Mathestate

mathestate (an all lower-case word) is a collaboration of mathematicians and financial economists interested in modeling how extreme events affect asset values. The acronym "mathestate" acknowledges that all rational decisions regarding estate building, preservation or planning are or should be grounded in sound mathematics. Participation, offered and encouraged at www.mathestate.com, currently involves a large number of investigators in various stages of academia in several countries.
The approach follows "heavy tailed" or "fat tailed" methodologies described by Paul Lévy and developed by Bachelier, Mandelbrot and Nolan generally known as Levy-stable distributions or simply stable distributions.

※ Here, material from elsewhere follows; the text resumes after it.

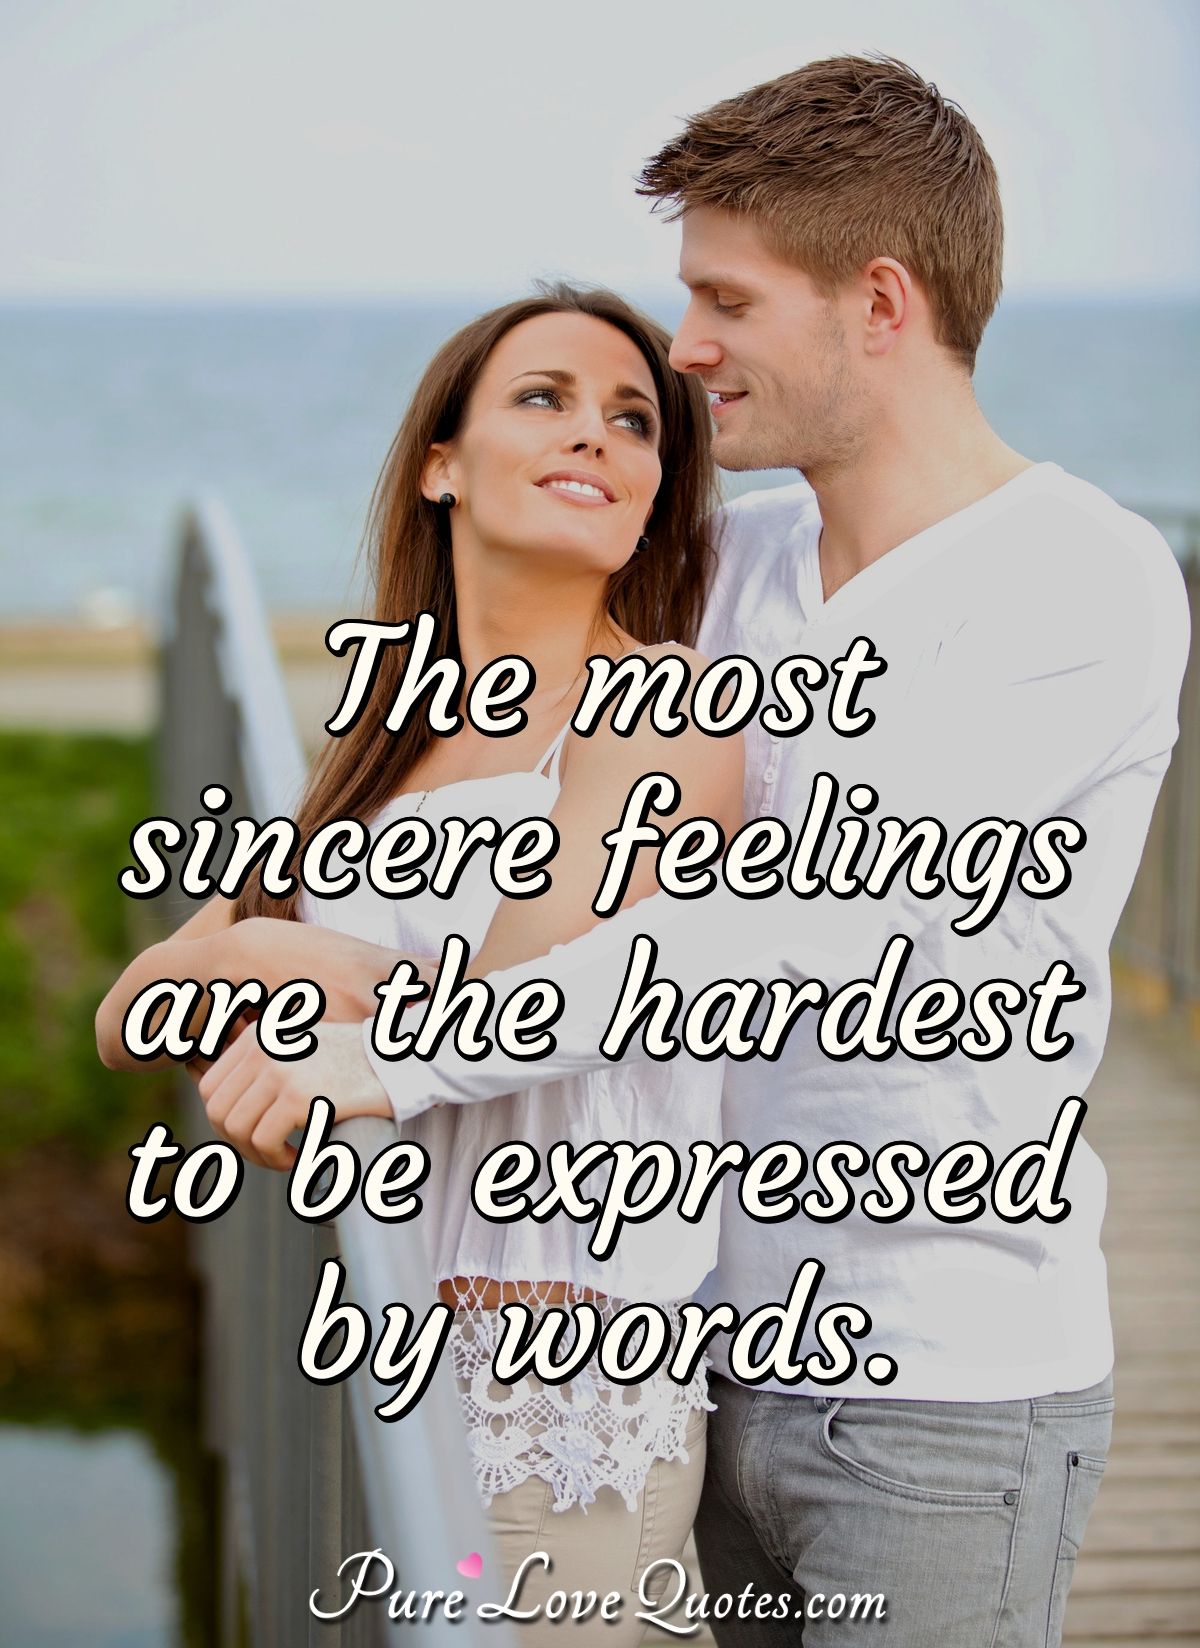 The most sincere feelings are the hardest to be expressed by words. - Anonymous

The site is divided into the two major categories people invest in: real estate and financial assets. Modeling of each category is tailored to the pecularities of each domain. Real estate returns are considered in the environment of entreprenurial and control issues. Financial asset returns are approached by exhaustive testing of available data.
A central emphasis in mathestate is risk management. Specifically rejected as inadequate are the convenient, closed form, solutions comprising the dominant paradigm taught in most MBA programs. Examples of these are Value at Risk and the use of the normal distribution. Rather, risk management methodologies described at mathestate employ numerically intensive solutions that rely on the Generalized Central Limit Theorem (GCLT). While the Central Limit Theorem (CLT) is known to every first year statistics student, the GCLT holds that if a distribution has a limiting distribution it must be a member of the stable class. A distribution having such a characteristics leads to a number of useful, interesting and powerful results, the most important of which is to include rather than exclude the effect of extreme values in the distribution.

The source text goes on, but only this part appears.